AVPT Insider Report: Gong Xunkai RSU Withholding of 6,500 Shares
Rhea-AI Filing Summary
AvePoint director and Executive Chairman Gong Xunkai reported a transaction on 09/19/2025 relating to the company’s common stock and restricted stock units under the 2021 Equity Incentive Plan. The filing shows 6,500 shares were disposed of at an effective price of $15.67 in an exempt transaction where shares were withheld to satisfy tax withholding obligations on RSU vesting. After the withholding, the reporting person beneficially owned 763,702 shares (including vested and unvested RSUs). The Form 4 was signed by an attorney-in-fact on 09/23/2025.
Positive
- None.
Negative
- None.
Insights
TL;DR: Routine tax-withholding on vested RSUs by an executive; not an indication of voluntary sale or change in control.
The transaction is recorded as an exempt disposition under Rule 16b-3 where the issuer withheld 6,500 shares to satisfy tax obligations arising from RSU vesting.
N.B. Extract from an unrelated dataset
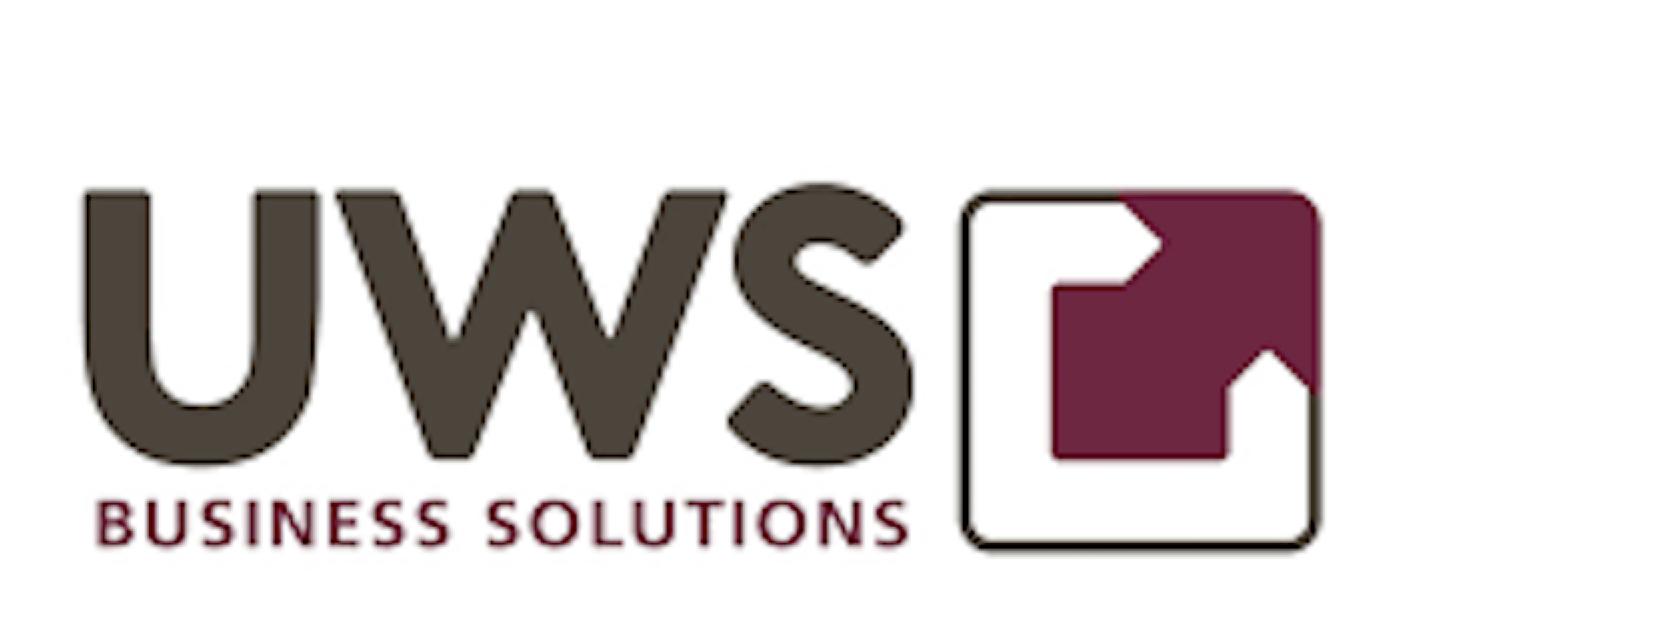 Unser Partner UWS Business Solutions

This is a common administrative action and the filing clarifies it was not a discretionary sale by the reporting person. The remaining beneficial ownership of 763,702 shares (including unvested RSUs) retains the reporting person’s substantial economic and voting interest. From a governance perspective, the Form 4 documents proper disclosure and compliance with Section 16 reporting requirements.
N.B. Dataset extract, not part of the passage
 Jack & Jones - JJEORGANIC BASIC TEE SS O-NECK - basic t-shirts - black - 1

TL;DR: Small share withholding to cover taxes; immaterial to overall ownership and unlikely to affect market or control dynamics.
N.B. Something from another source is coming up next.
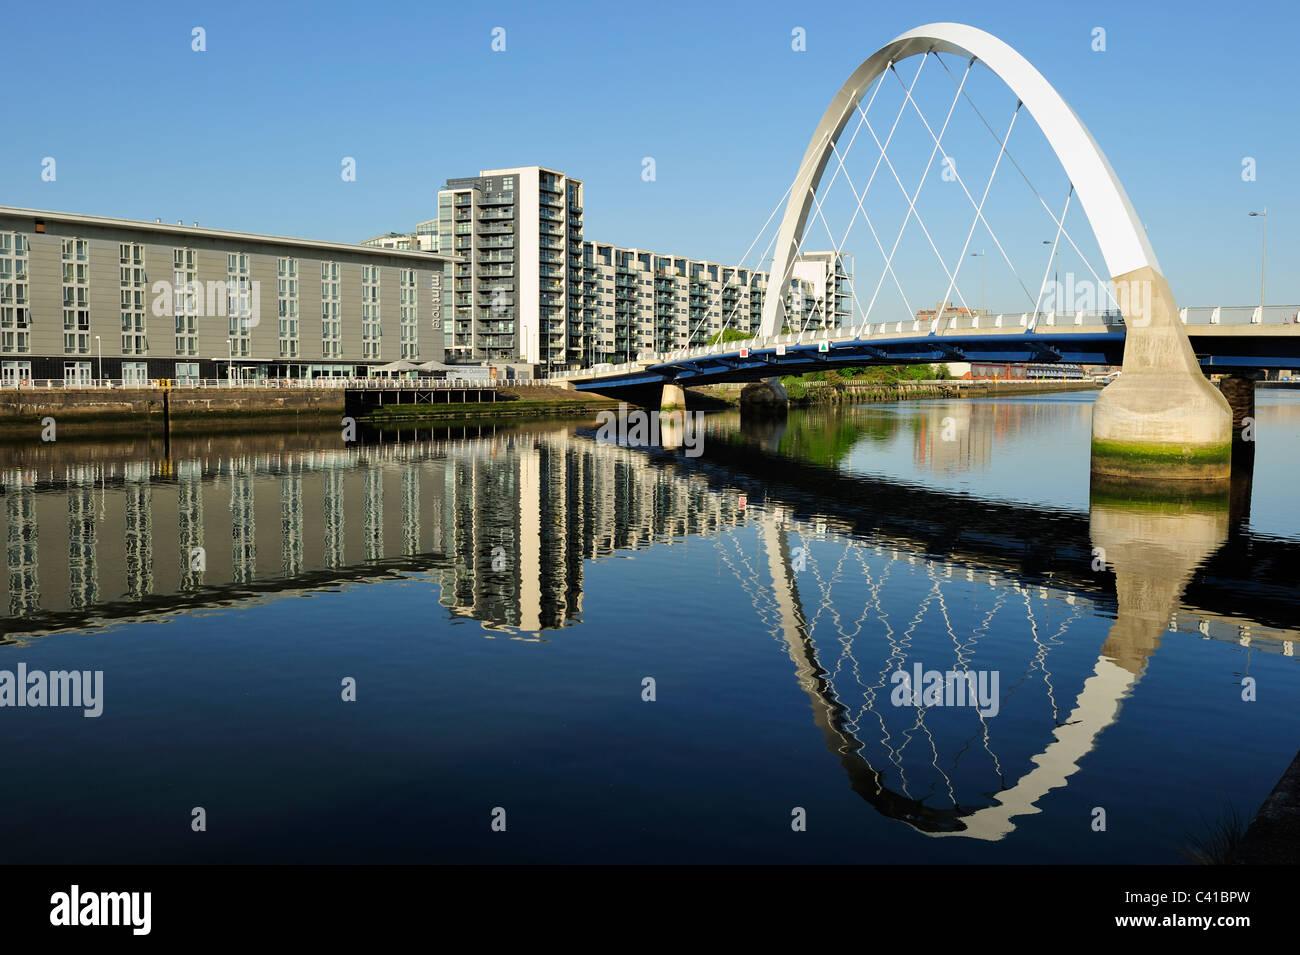 Clyde Arc Bridge at Finnieston, Glasgow, Scotland - Stock Image

The reported disposal of 6,500 shares at $15.67 represents net settlement of RSUs for tax withholding rather than an open-market sale. Given the post-transaction beneficial ownership of 763,702 shares, the change represents a negligible percentage shift in stake for an executive-level holder. The disclosure is timely and consistent with prior RSU grants referenced in earlier Form 4 filings.
Insider Trade Summary
| Type | Security | Shares | Price | Value |
|---|---|---|---|---|
| Tax Withholding | Common Stock | 6,500 | $15.67 | $102K |
Footnotes (1)
- This security represents the Issuer's common stock as well as restricted stock units (each, an "RSU") granted to the Reporting Person under the Issuer's 2021 Equity Incentive Plan. Each RSU represents the contingent right to receive, upon vesting of the RSU, one share of the Issuer's common stock. Exempt transaction consisting of the payment of exercise price or tax liability by delivering or withholding securities incident to the receipt, exercise or vesting of a security issued in accordance with Rule 16b-3. The shares reported as disposed of in this Form 4 represent the number of shares of the Issuer's common stock that have been withheld by the Issuer to satisfy its income tax withholding and remittance obligations in connection with the net settlement of the securities and does not represent a discretionary transaction by the Reporting Person. Includes non-RSU common stock as well as aggregate vested and unvested RSUs held by the Reporting Person subject to the vesting schedules previously reported on Table I of Form 4s filed with the Securities and Exchange Commission on September 3, 2021, March 22, 2022, March 23, 2023, March 7, 2024 and March 18, 2025.